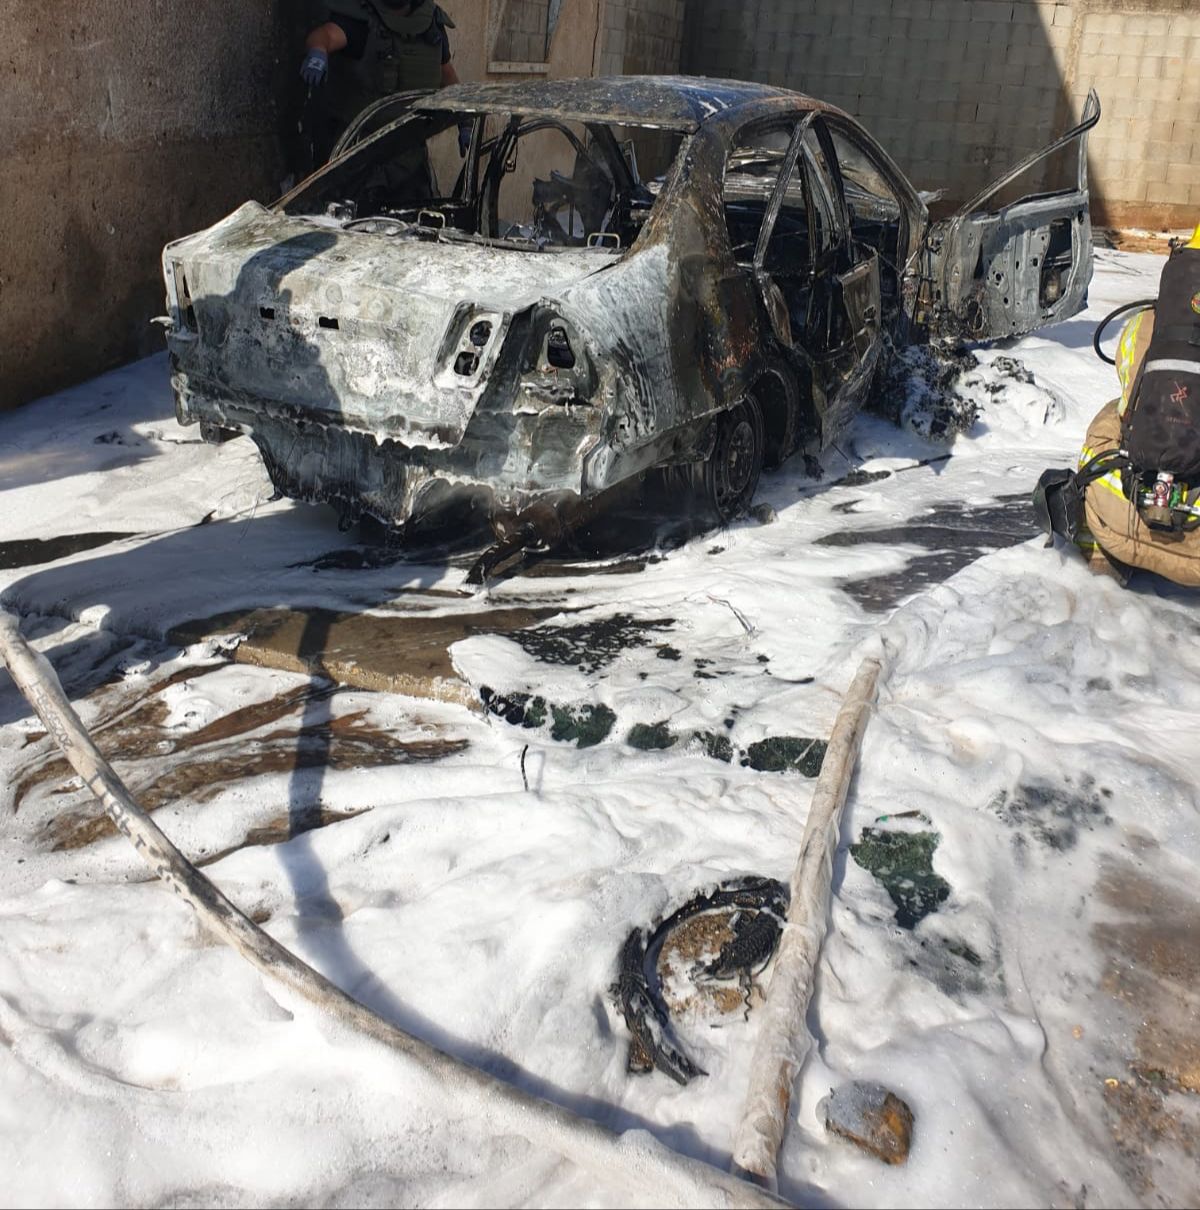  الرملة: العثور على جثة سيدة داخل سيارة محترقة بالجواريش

...

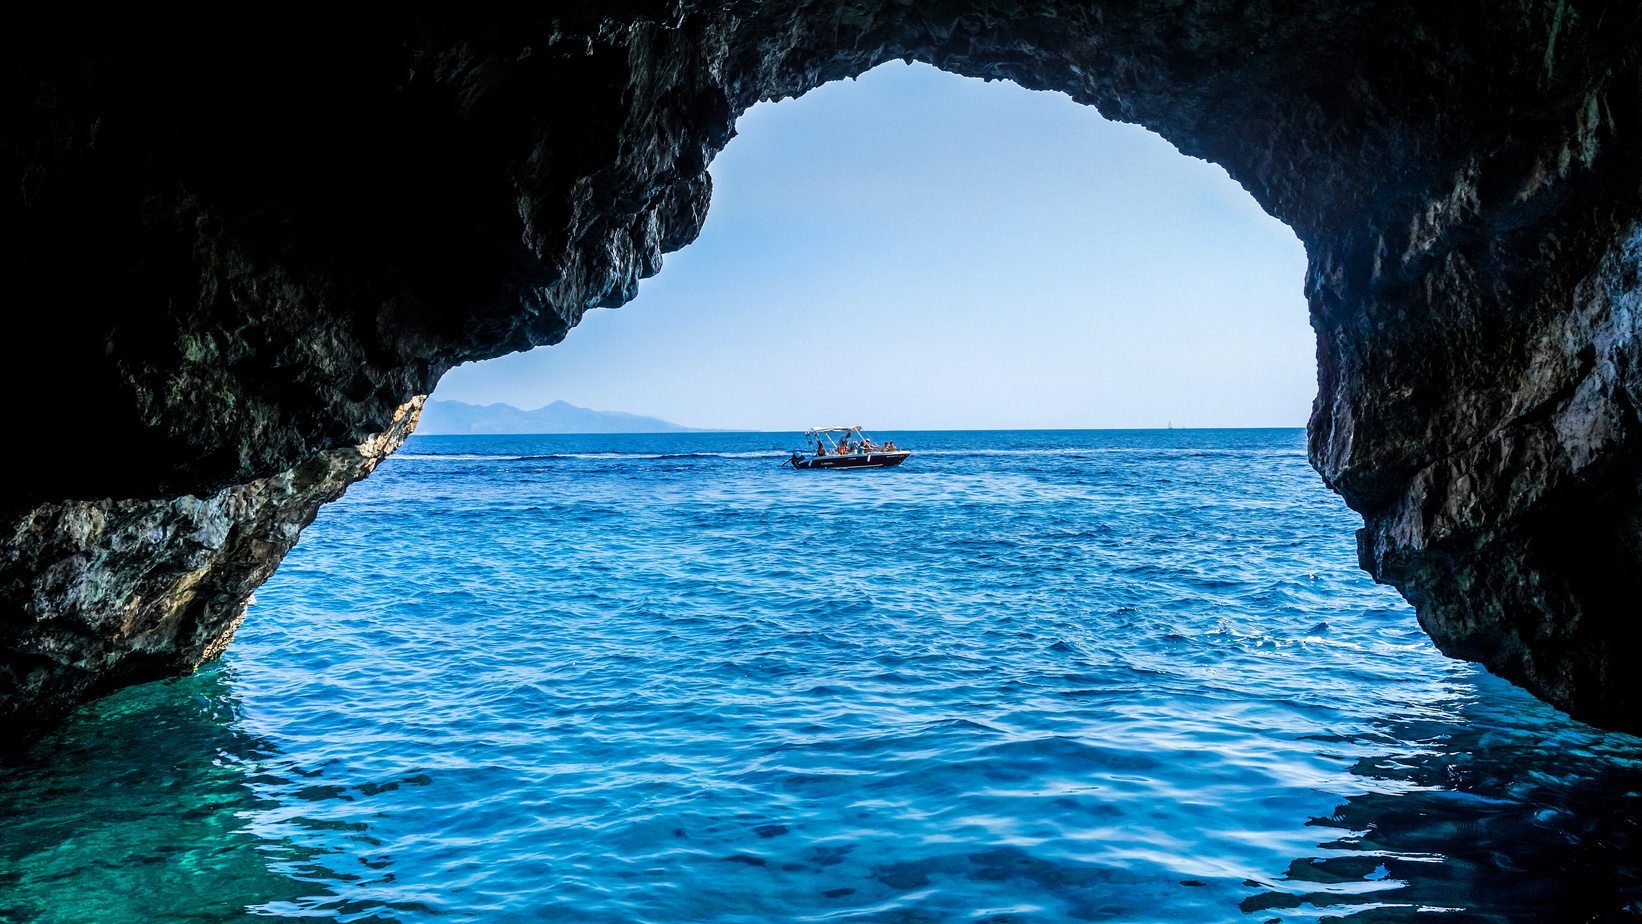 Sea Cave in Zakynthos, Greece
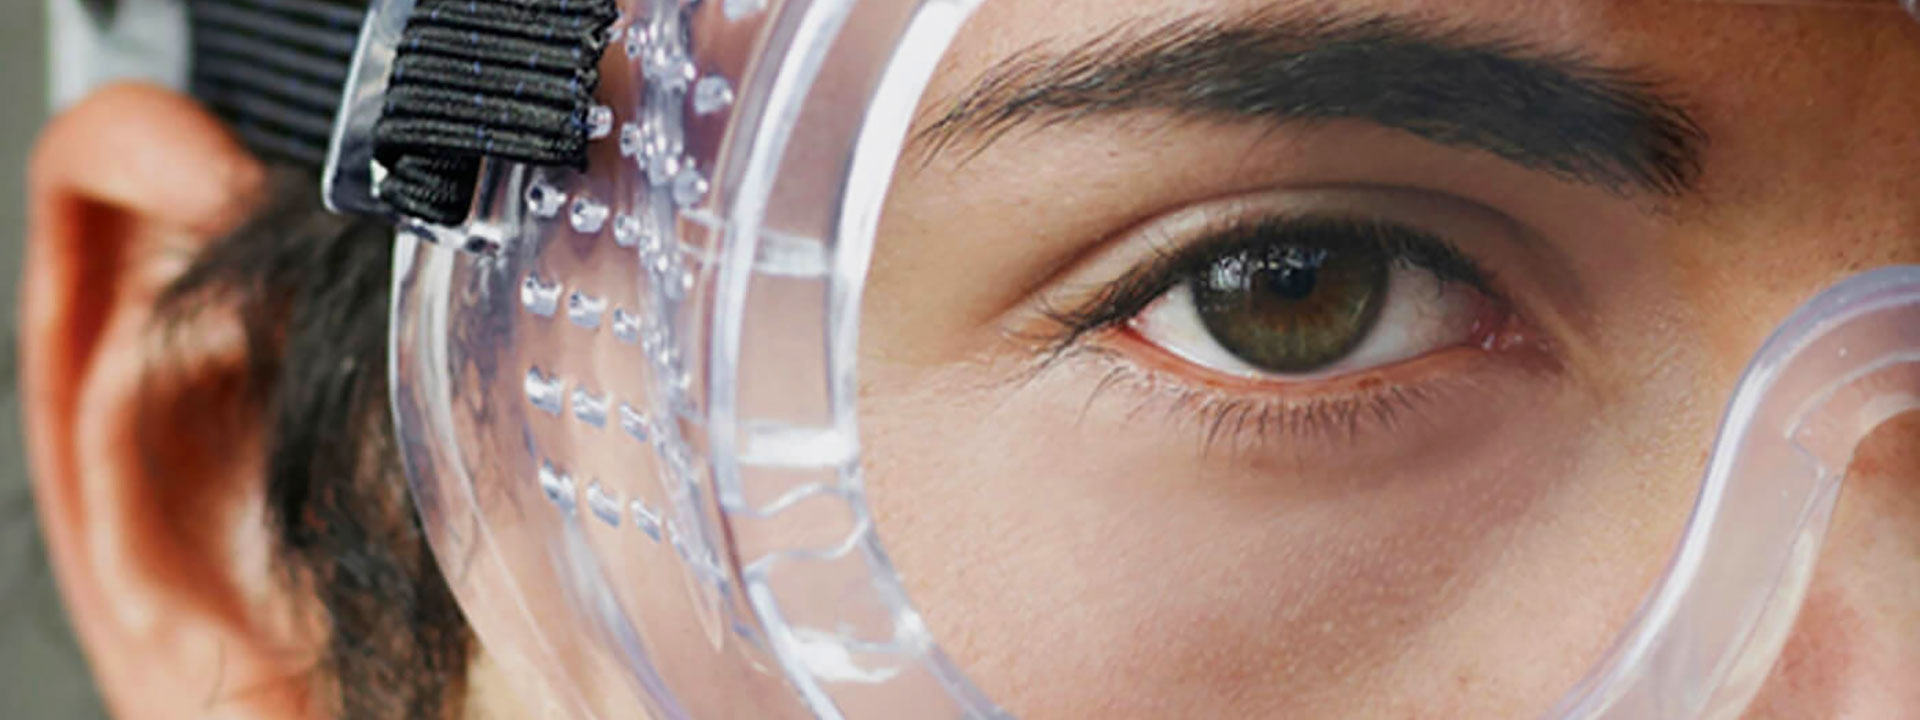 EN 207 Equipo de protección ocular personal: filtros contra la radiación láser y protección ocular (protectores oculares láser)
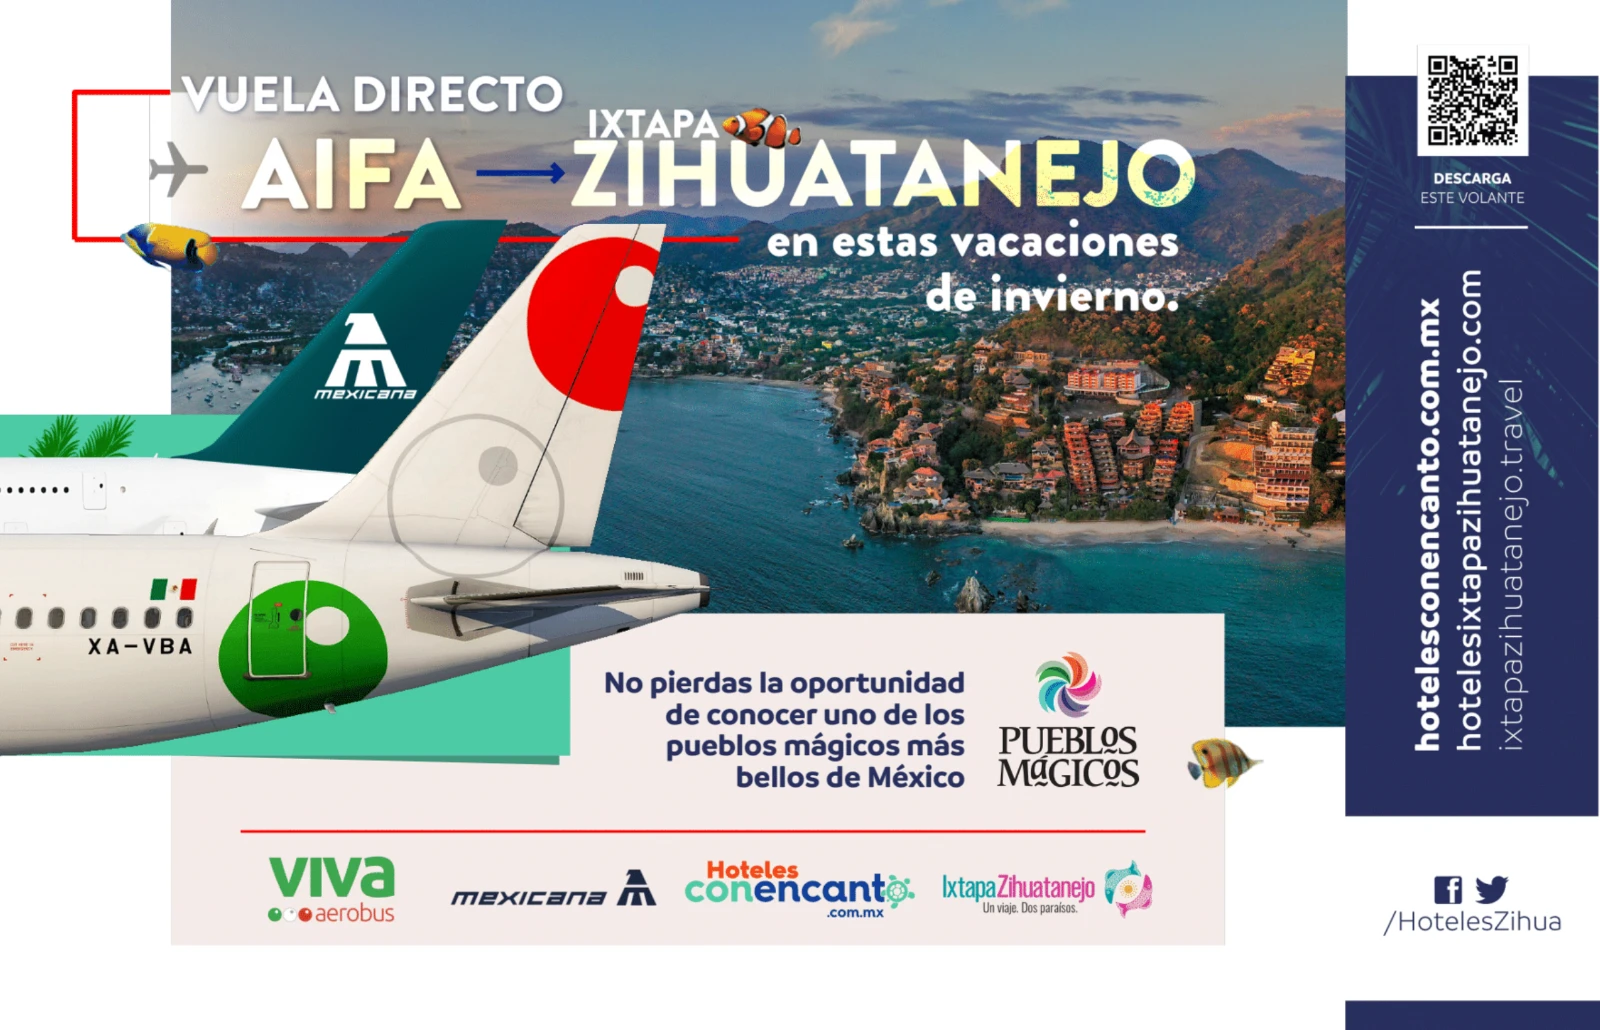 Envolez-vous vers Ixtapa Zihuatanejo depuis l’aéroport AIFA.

== The problem ==
Look back at the data above, then output exactly the lines from the line holding "EN 207 Equipo" up to and including the line holding "Envolez-vous vers Ixtapa". Leave out the pictures.

== Response to the task ==
 EN 207 Equipo de protección ocular personal: filtros contra la radiación láser y protección ocular (protectores oculares láser)
 Envolez-vous vers Ixtapa Zihuatanejo depuis l’aéroport AIFA.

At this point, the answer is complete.